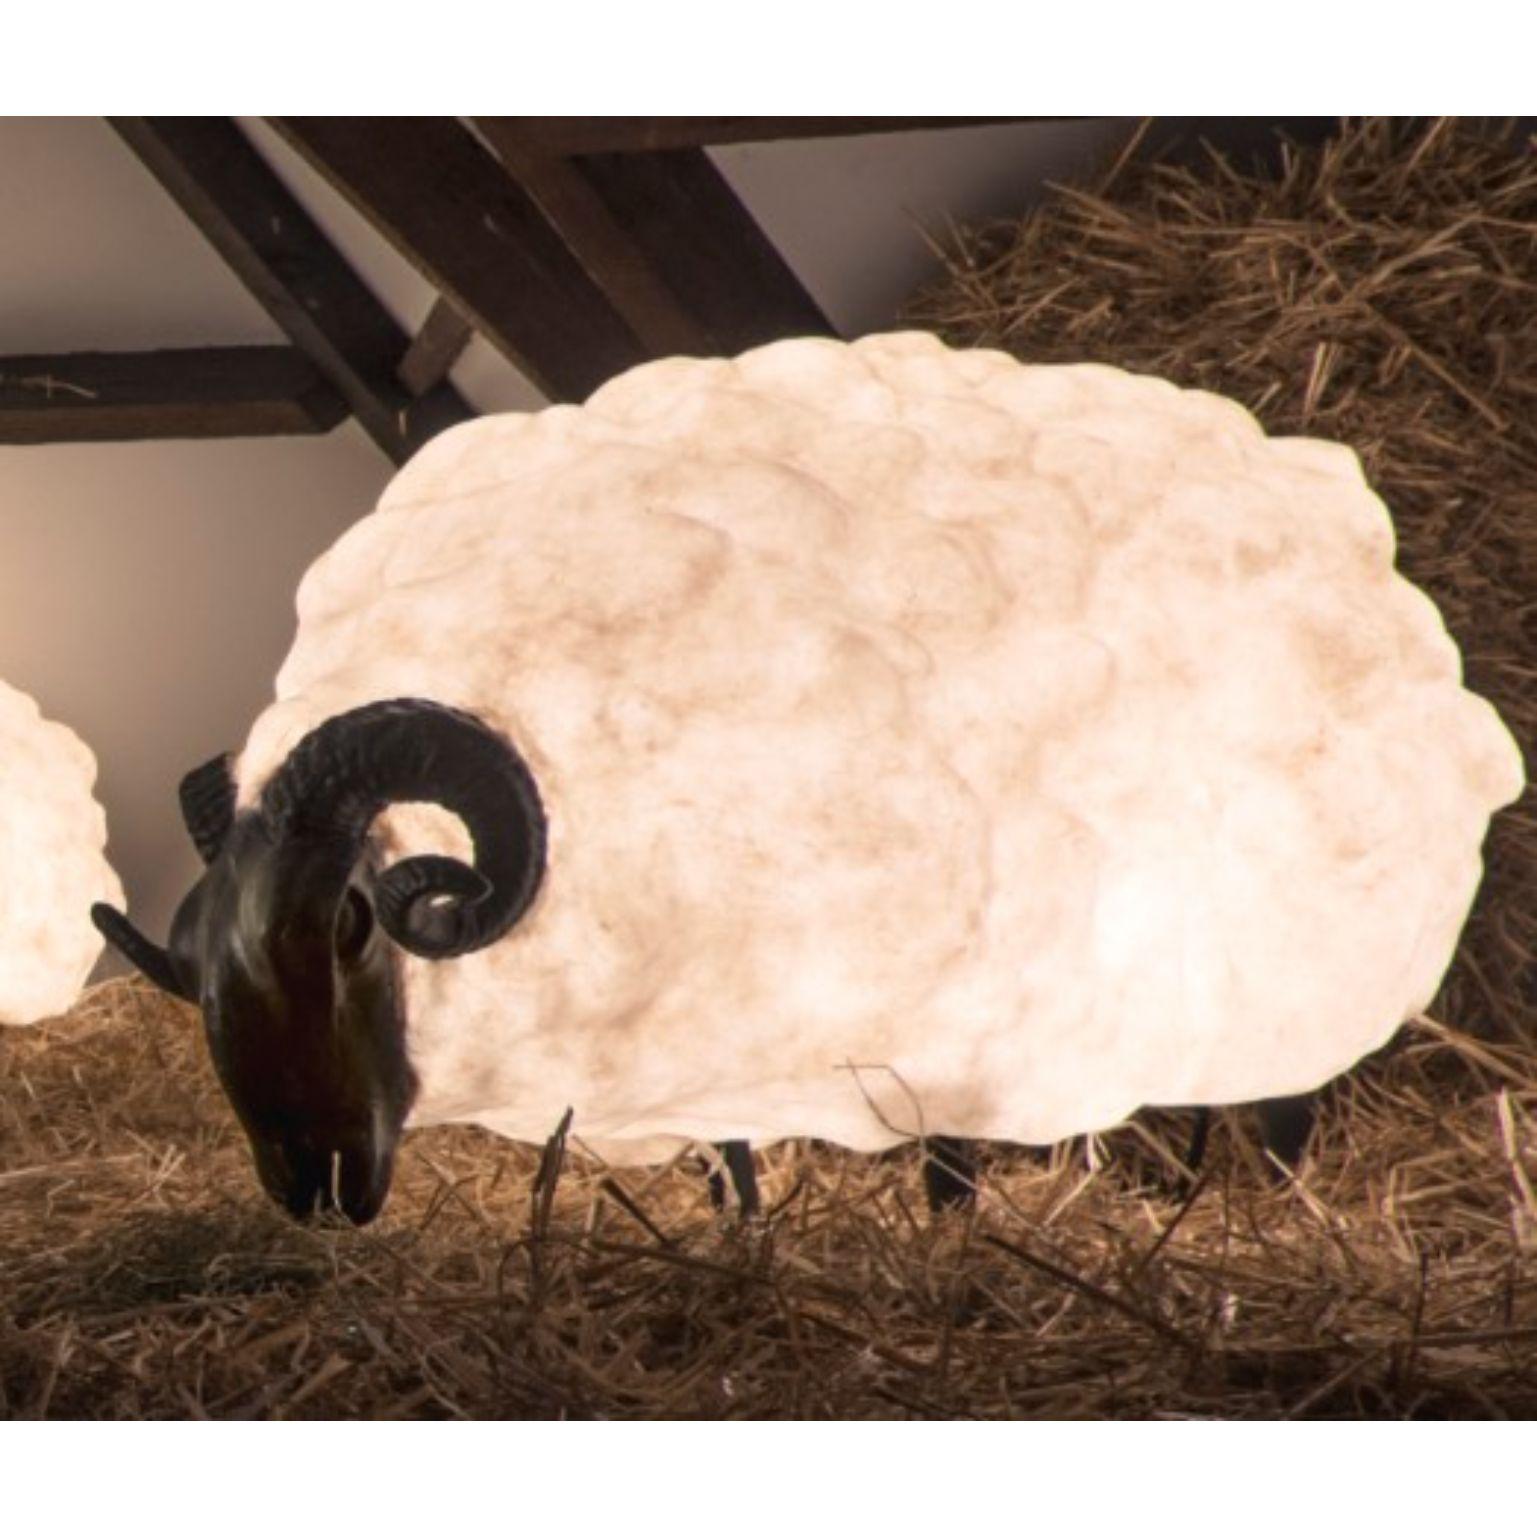 Molly - Light sculpture by Atelier Haute Cuisine
Dimensions: 65 x 11 x 75 cm
Materials: Fiberglass

All our lamps can be wired according to each country. If sold to the USA it will be wired for the USA for instance.

The cloned sheep Dolly
________________________________________
§ About this exercise
If a record holds a picture, leave the picture out, but copy everything else exactly.

§ Exercise output
 Molly - Light sculpture by Atelier Haute Cuisine
Dimensions: 65 x 11 x 75 cm
Materials: Fiberglass

All our lamps can be wired according to each country. If sold to the USA it will be wired for the USA for instance.

The cloned sheep Dolly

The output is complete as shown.